**Source material**

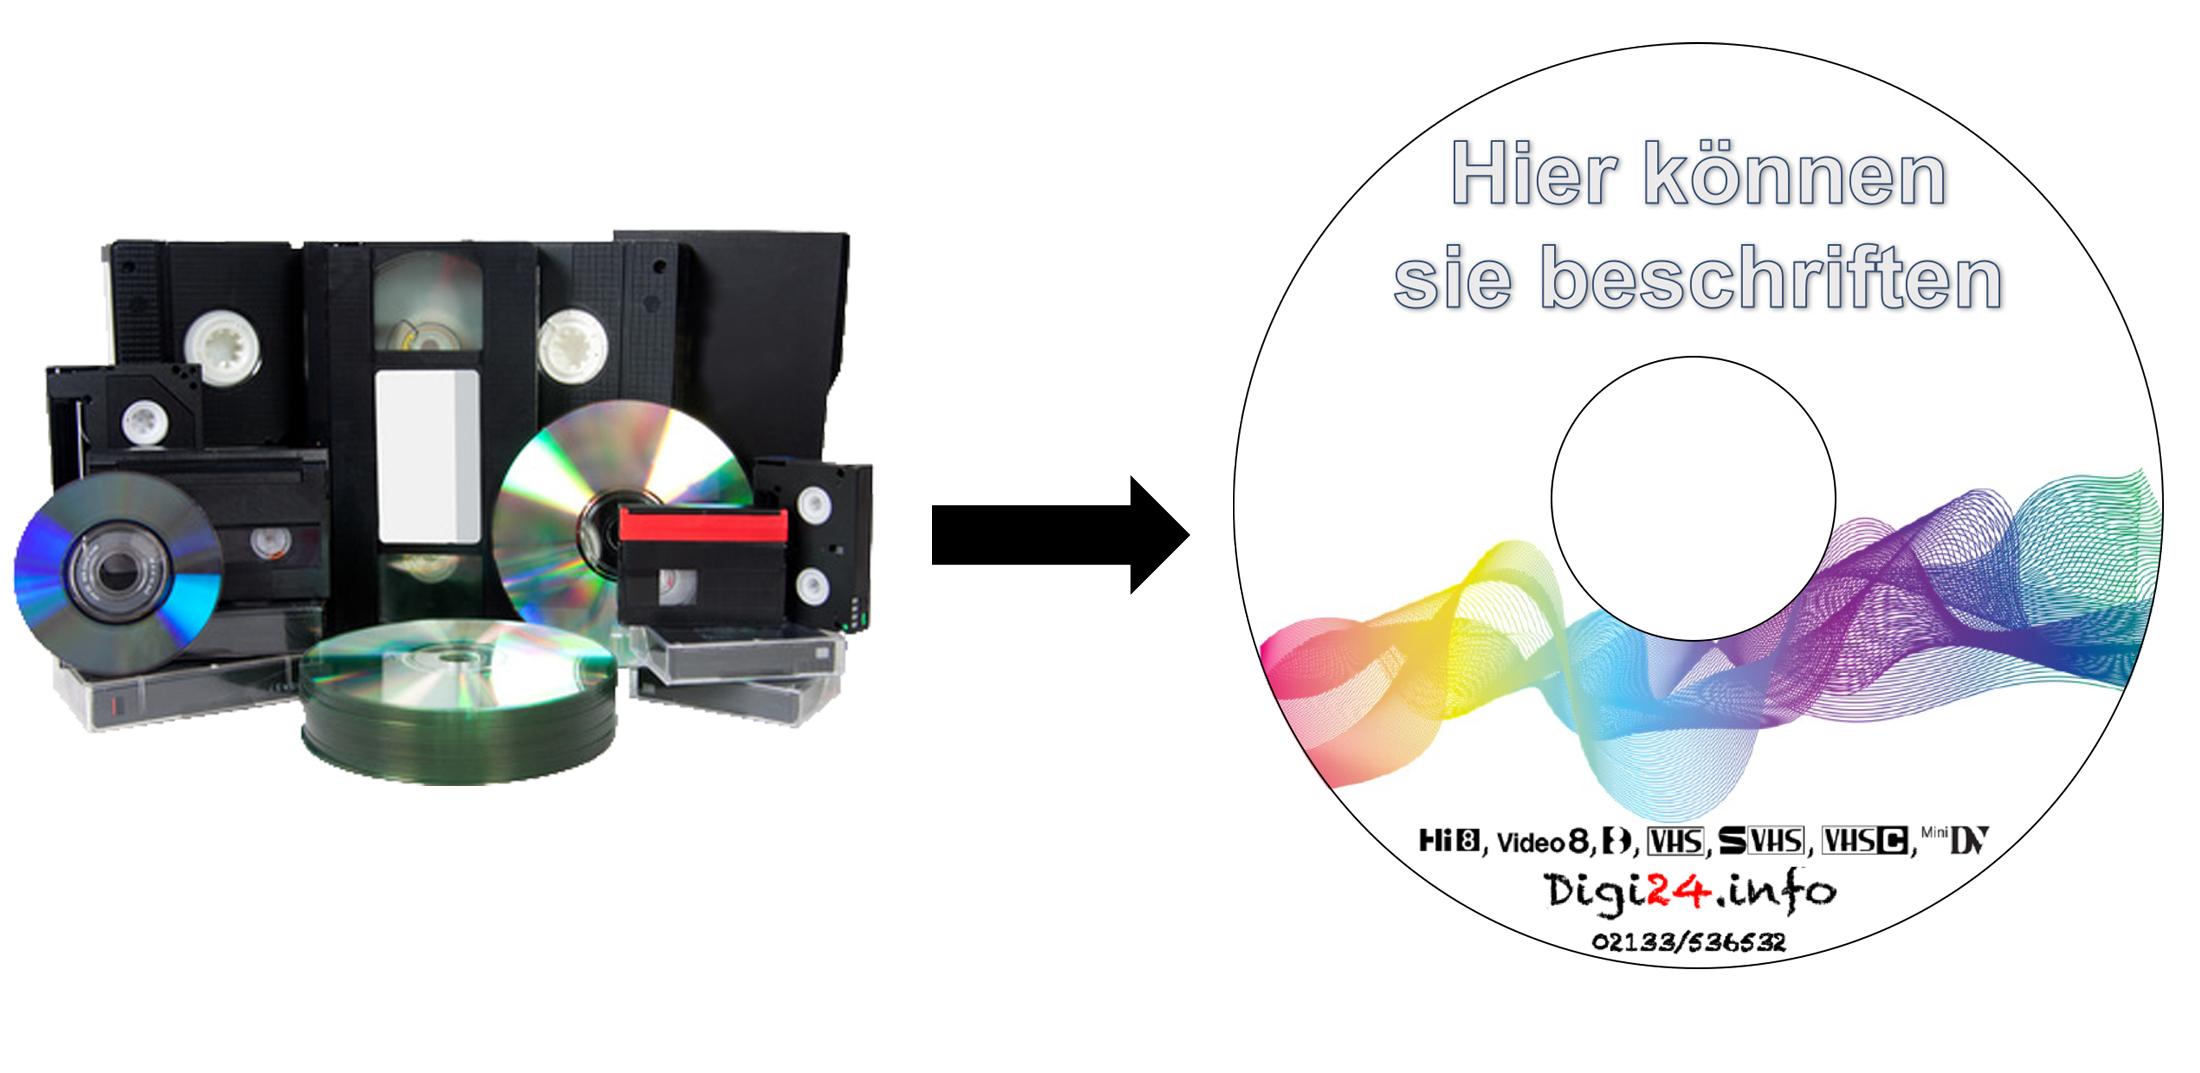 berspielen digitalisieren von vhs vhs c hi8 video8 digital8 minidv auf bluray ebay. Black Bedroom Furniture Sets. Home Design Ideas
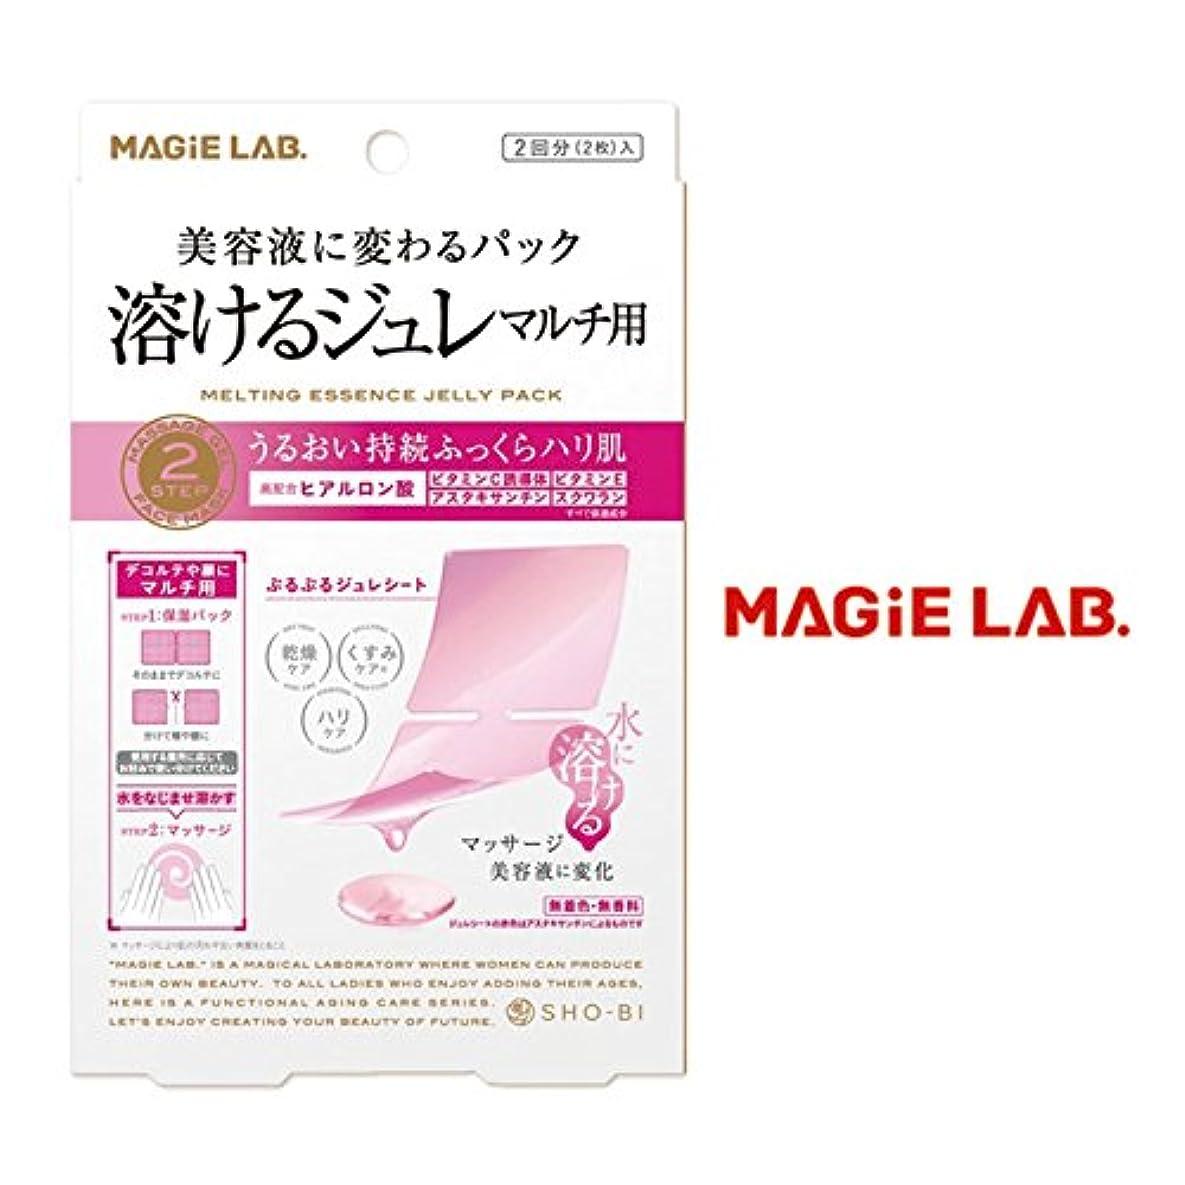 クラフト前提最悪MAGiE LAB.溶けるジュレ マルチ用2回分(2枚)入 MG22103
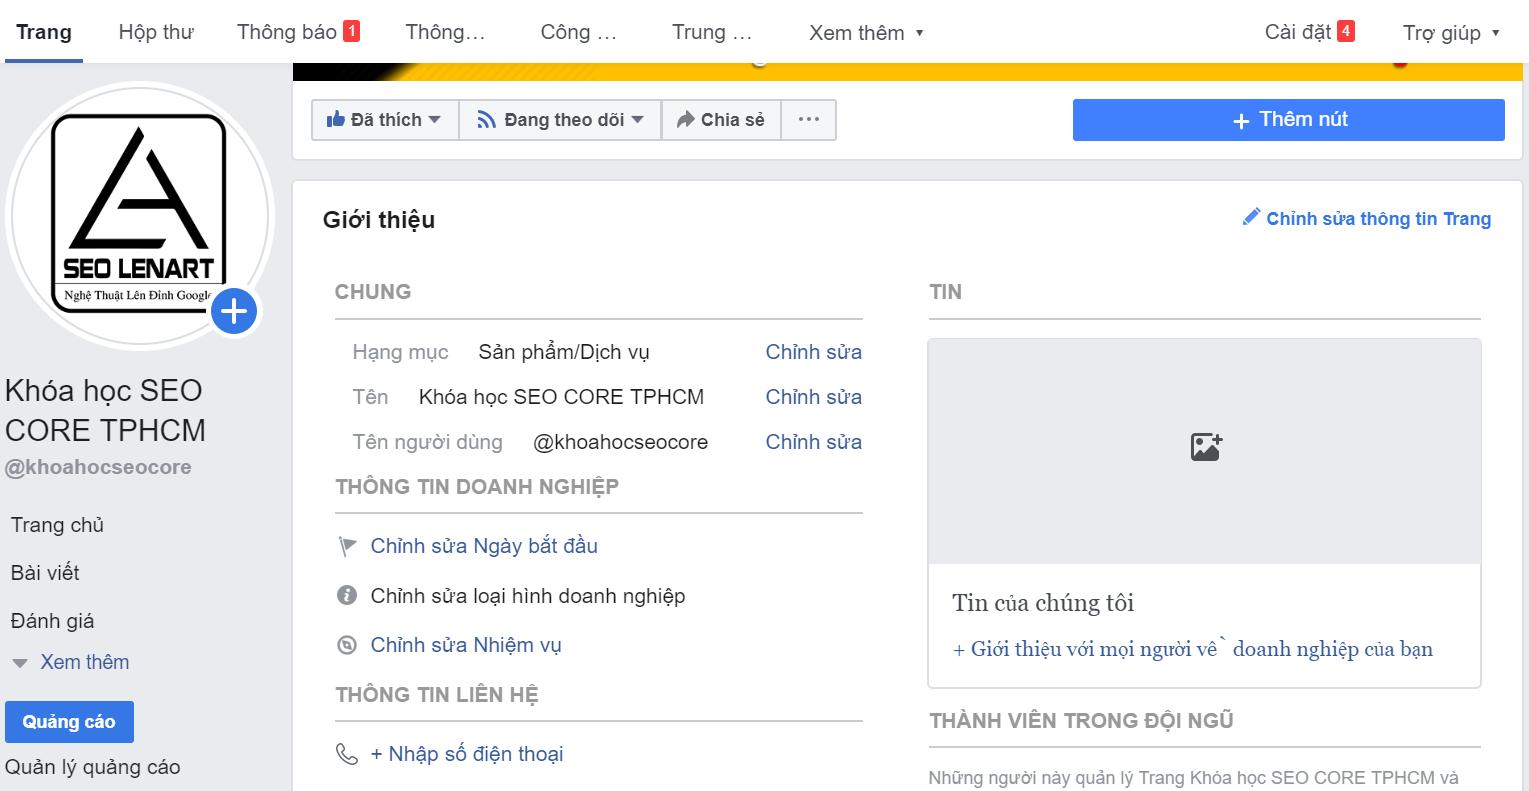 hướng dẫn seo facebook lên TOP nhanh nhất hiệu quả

**Problem**
Each line from the one containing "クラフト前提最悪MAGiE LAB.溶けるジュレ マルチ用2回分(2枚)入" through the last line of the listing is to be given again exactly, with no pictures and no other lines.

**Solution**
 クラフト前提最悪MAGiE LAB.溶けるジュレ マルチ用2回分(2枚)入 MG22103
 hướng dẫn seo facebook lên TOP nhanh nhất hiệu quả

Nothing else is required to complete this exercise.